This is being discussed elsewhere in more detail, however the general consensus is to put all the gathered evidence together via screen shots and links then send it all to [email protected], [email protected], and [email protected]

I know that a lot of information has already been sent to Amazon and some of the people involved are getting frustrated with Amazon's slow response time.


----------



## PhoenixFromTheAshes

Others have reached out to specific Amazon execs, too. In general, though, it feels like another round of media attention is needed to get Amazon's attention.


----------



## RPatton

PhoenixFromTheAshes said:


> Others have reached out to specific Amazon execs, too. In general, though, it feels like another round of media attention is needed to get Amazon's attention.


Seconding this. Hope was raised when there was a response to a questionable publisher. Since that publisher is now back, and not even doing a good job of covering their tracks, among several others, that hope was dashed. One of the problems right now is that no one is certain, even when going to a specific executive, that the information is actually getting to someone who can and will make a difference.

The current optics, between the recent article about people paying off Amazon employees regarding reviews and such and KDP's current lack of visible response, is that someone or ones within the halls of KDP are assisting some of these publishers. With some of the gathered evidence that I have seen, it would easily hold up in a court of law, so why it doesn't hold up in KDP is confusing.

My only concern is that the focus stays on the publishers whose publishing privileges have been revoked and doesn't expand to anyone and everyone who doesn't fit into one person's conceived definition of an "author".


----------



## Phxsundog

Positive signal today that KDP is giving new attention to KU scammers. Three big names in romance from Chance's Mastermind group are banned. None of the new accounts from terminated publishers have been taken down yet. Probably a matter of time though as more people are noticing and reporting them.


----------



## PhoenixFromTheAshes

Sweet news!

Looking forward to more soonest.


----------



## TexasGirl

But there was a fourth who was NOT a Mastermind person.


----------



## RPatton

TexasGirl said:


> But there was a fourth who was NOT a Mastermind person.


If we're thinking of the same person, they used a lot of swaps. There's a chance they got dirty by association if everything else was completely clean.


----------



## PhoenixFromTheAshes

I'm not certain who you're referencing, TexasGirl, but the 4th author I now know about (along with her non-romance pen name that's been hit too) _appeared _to be capitalizing for at least the last 6 months on the mastermind group and their tactics.

I only ever had circumstantial evidence myself, but when I first saw it back then, it broke my heart to think she might be engaging with them. I knew this author a few years ago, and know first-hand she's a very talented writer on her own who came up from the rank-and-file in the early days.
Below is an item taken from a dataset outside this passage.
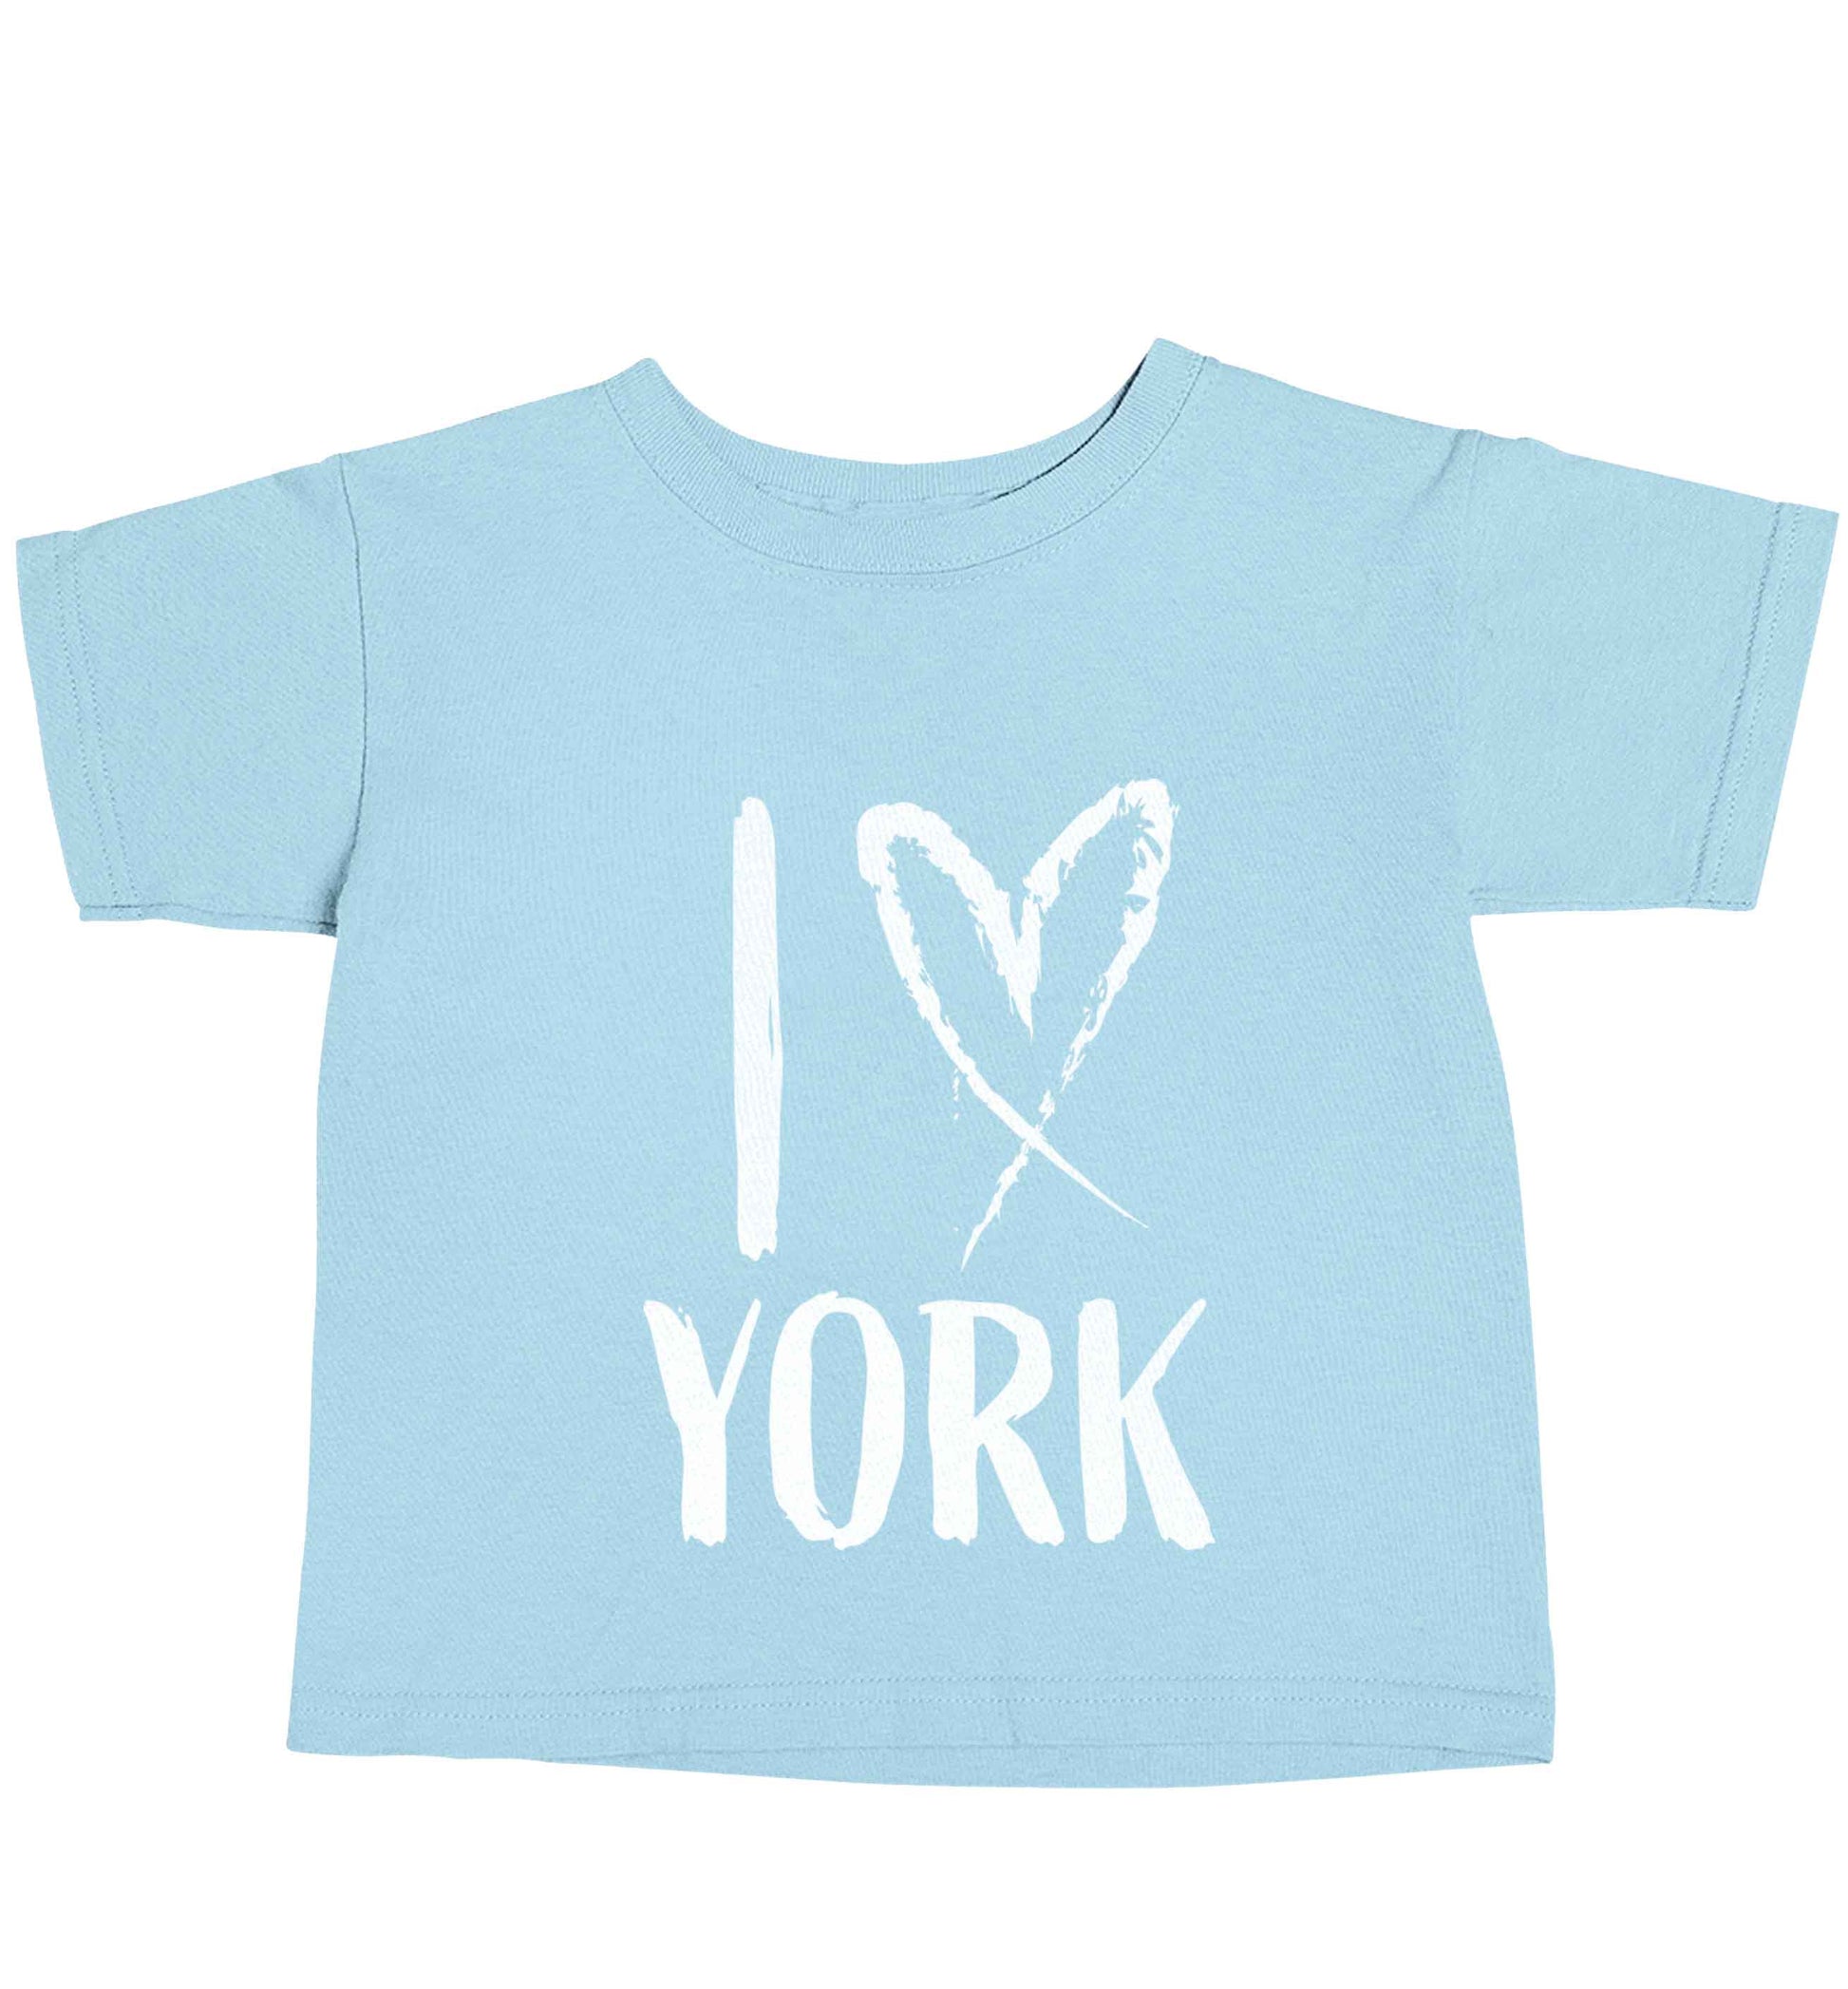 I love York light blue baby toddler Tshirt 2 Years

Maybe she didn't go darkside, and her account will be restored. Maybe. If she's innocent, I certainly hope so. But if she's not...
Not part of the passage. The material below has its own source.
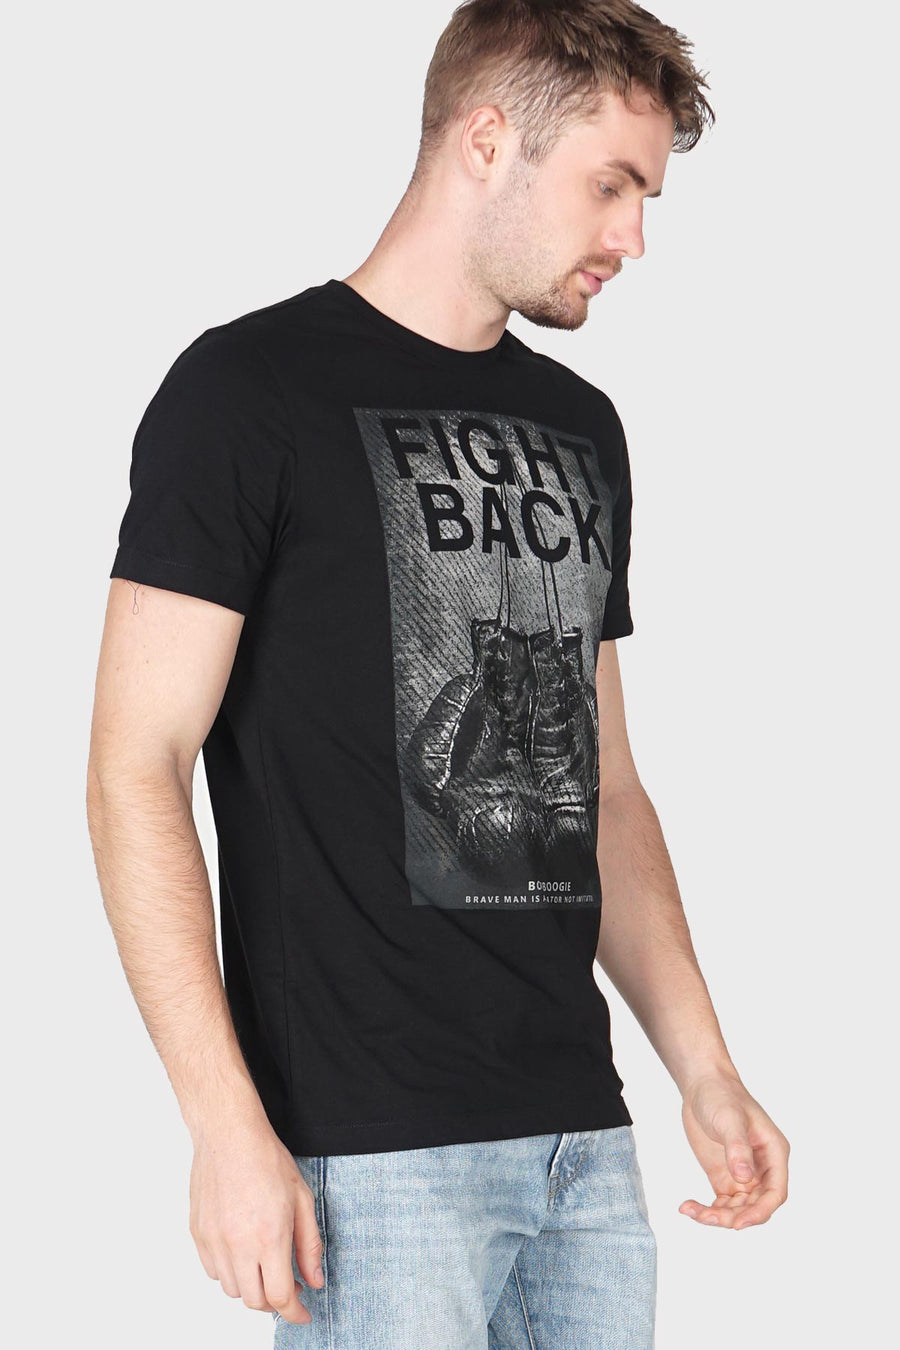 T-Shirt Lengan Pendek Fliction Black

A reminder that we all need to practice safe sales out there.


----------



## theymightbewriters

As a newly successful Romance writer (top 200 in Kindle store! ), I'm curious what these shady tactics are? I'm afraid of doing something wrong and getting banned...lol. 
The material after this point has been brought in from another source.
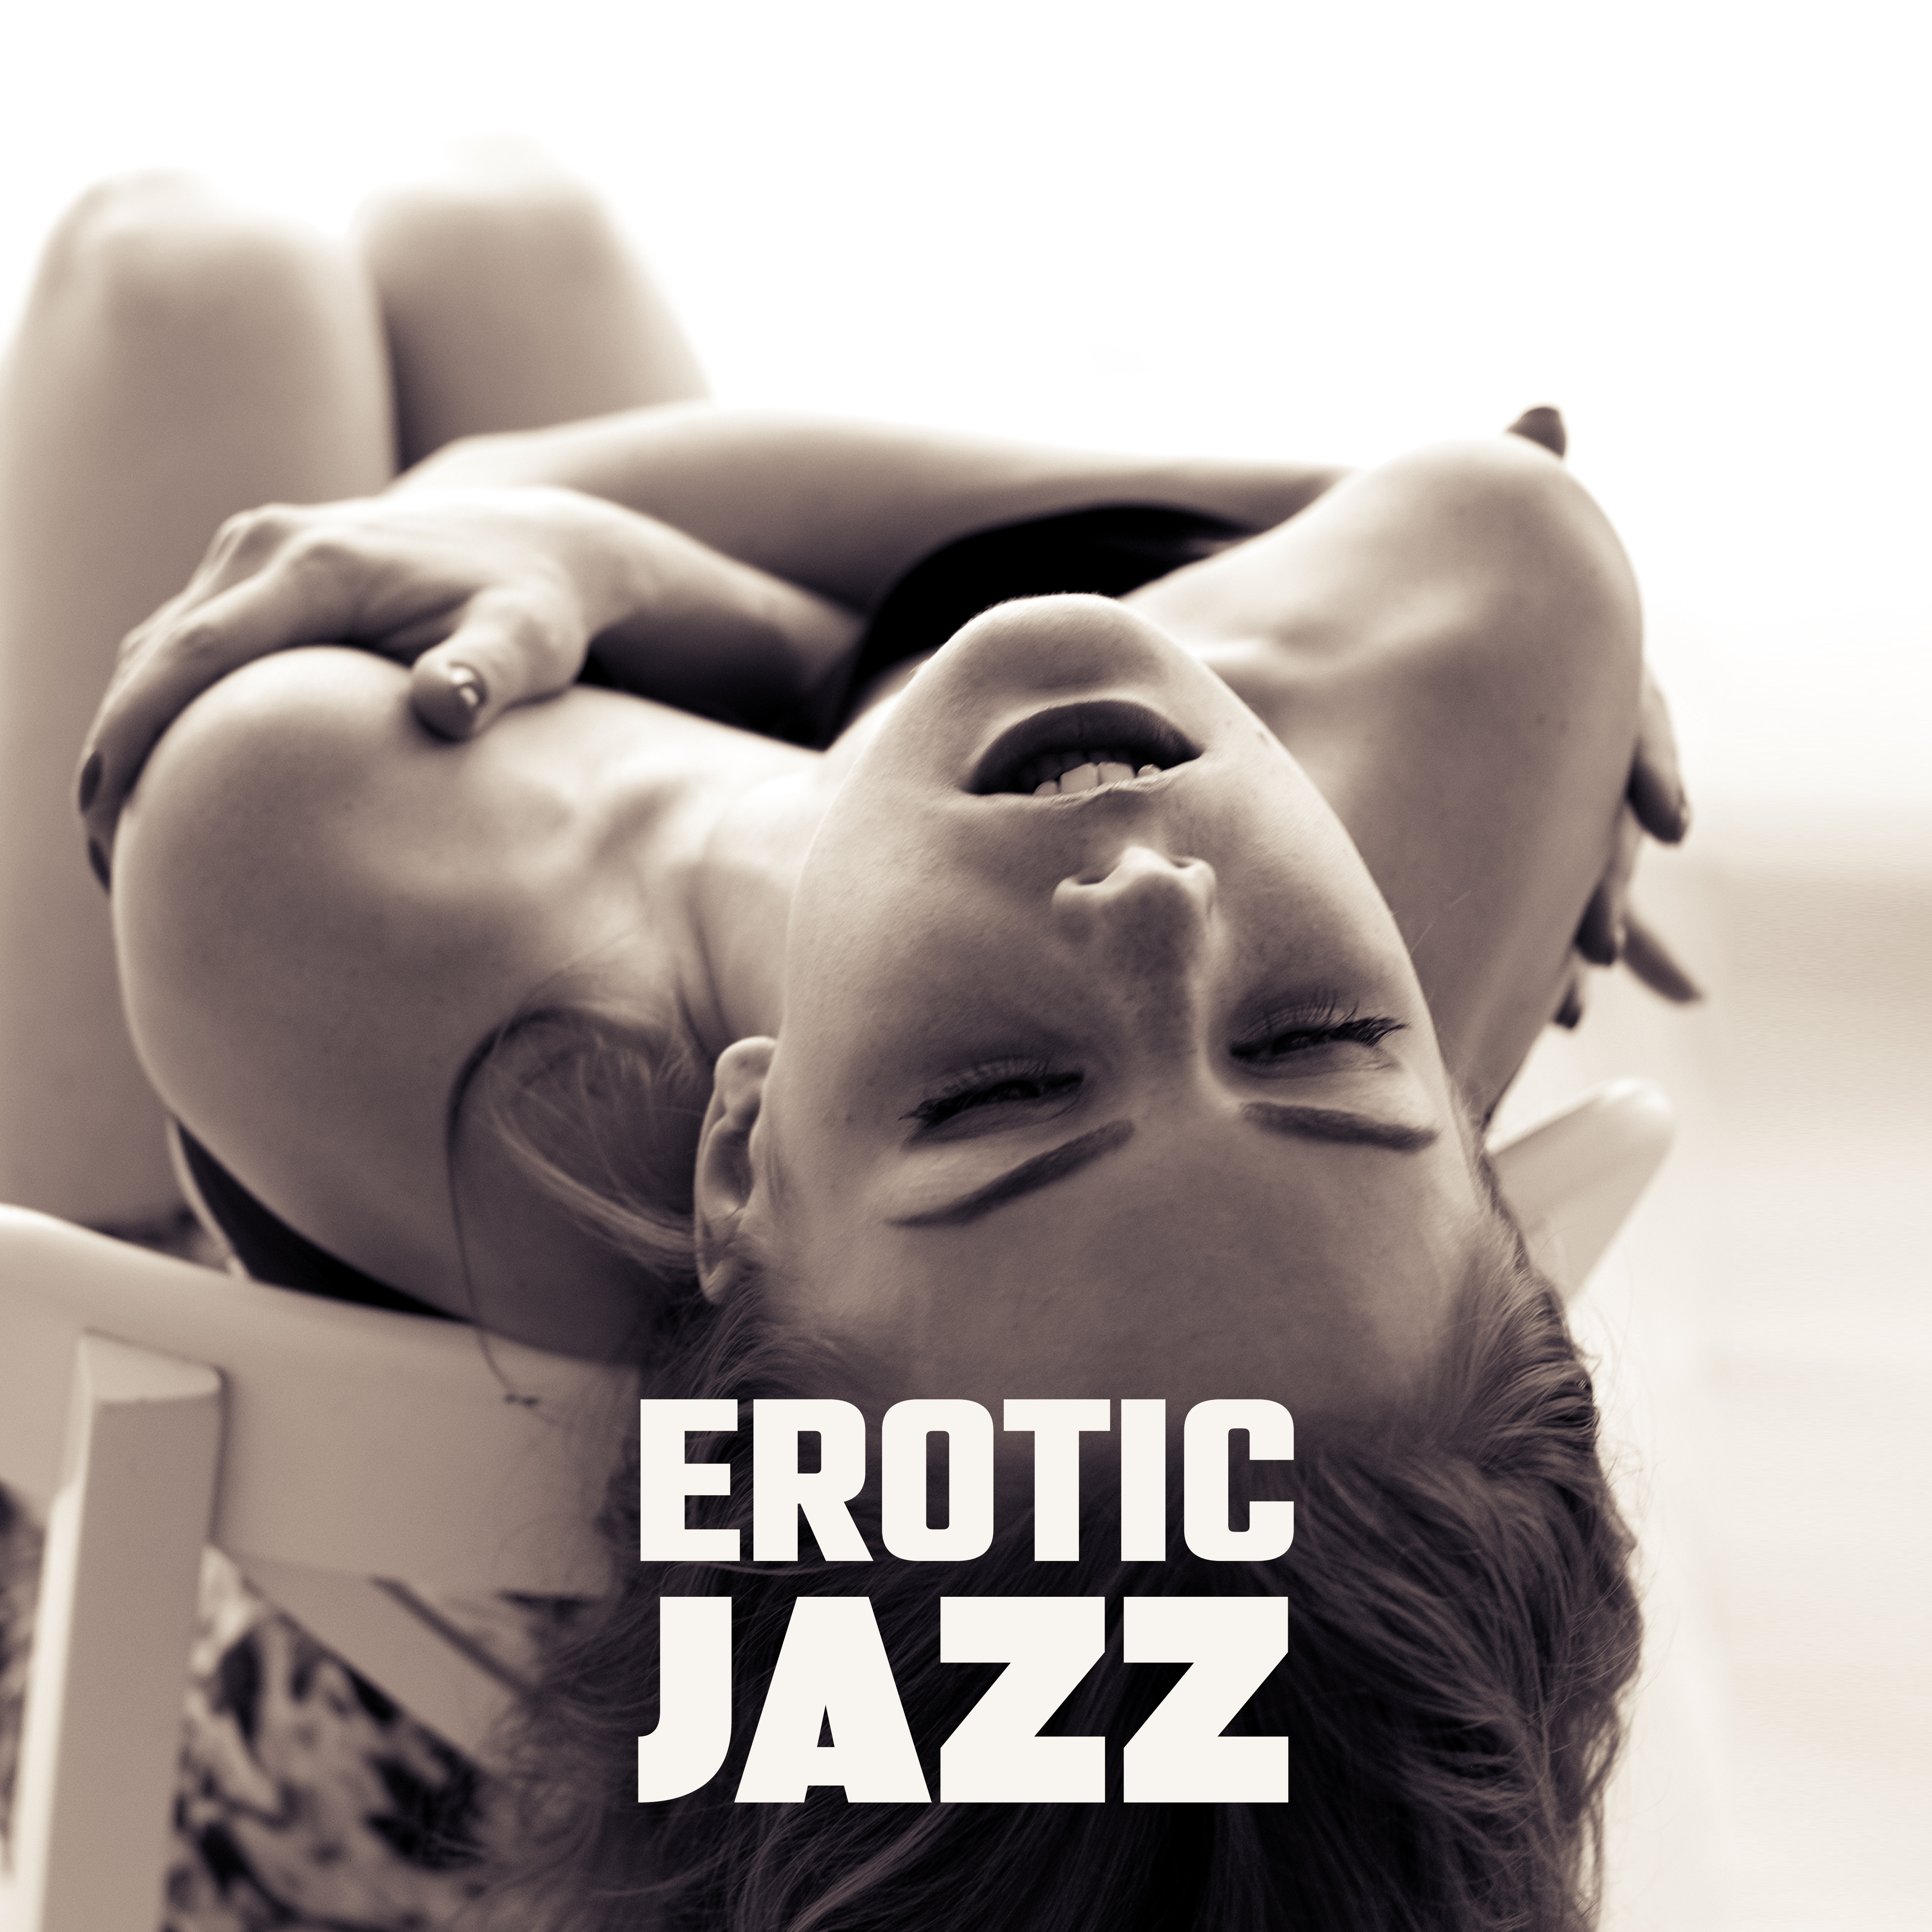 Erotic Jazz – Deep Massage, Sensual Music for Relaxation, Erotic Lounge, Saxophone, Romantic Night, Making Love

All I do is release in a series (no extra content other than a teaser for the next book), fb ads, a little ams, and some email promos. 

Am I safe?


----------



## Phxsundog

theymightbewriters said:


> As a newly successful Romance writer (top 200 in Kindle store! ), I'm curious what these shady tactics are? I'm afraid of doing something wrong and getting banned...lol.
> 
> All I do is release in a series (no extra content other than a teaser for the next book), fb ads, a little ams, and some email promos.
> 
> Am I safe?


To name a few tricks: clickfarming, incentivized buy schemes, ghost stuffing (putting two or more barely connected books into the same volume and pretending it's one story), abusive email spamming, participating in spam rings, illegal giveaways or participating in any promotions using the same tactics. The last one is easy for a newbie author to wander into through no fault of their own. Caution should be in the front of everyone's mind going forward. It's critical like never before. Only book promotions by promo sites with long track records or ones owned by credible, transparent people.

The fourth romance ban a few mentioned here is just sad. This author always produced high quality content and had a popular organic following. She probably got hit due to association with real scammers and KU criminals. I hope she's able to get a second chance with Amazon because she's not cut from the same cloth as the Warrior Forum blackhat scammers who are causing this year long tragedy in romance. Take it as a strong warning. Every author now needs to be extremely careful what promotions they book and who they associate with. If anyone seems like a sketchy internet marketer promoting mass email spam or promising impossible results or mass producing low quality ghosted books, run away. This isn't to say ghostwriting is always bad. However large numbers of low grade ghostwritten romance novels is often a sign of other shady behavior. Your whole career could be at stake if you associate or run promotions with such authors.

Many honest romance authors interested in maintaining the integrity of KU by keeping the blackhats out are quietly sending the new pen names owned by terminated publishers to KDP. This is not a witch hunt. Total proof has been found that the Masterminds terminated during the summer are returning under new accounts. They're using proxy services and new account details to mask their accounts from Amazon. Their second accounts were banned in some cases but many come back a week or two later again for attempt number three or four. Many of them are already farming, ramping up their email spam and publishing books with bad formatting for inflated page reads. They'll make a mess for Amazon and honest romance authors all over again if they aren't stopped. None of this proof will be posted here because there's no need to make them smarter (and it's against Kboards rules). Long term many hope Amazon will take these publishers to court for KU manipulation and multiple attempts to skirt KDP bans with new accounts. They won't stop until they face severe consequences. Amazon should seek to claw back every penny these blackhats stole from KU and financially empty them so they no longer have the means to repeatedly attack KU. See David Gaughran's article today for more https://davidgaughran.com/2018/10/09/kindle-unlimited-scamming-cheater-magnet/


----------



## theymightbewriters

How can you really protect yourself re: email promos? 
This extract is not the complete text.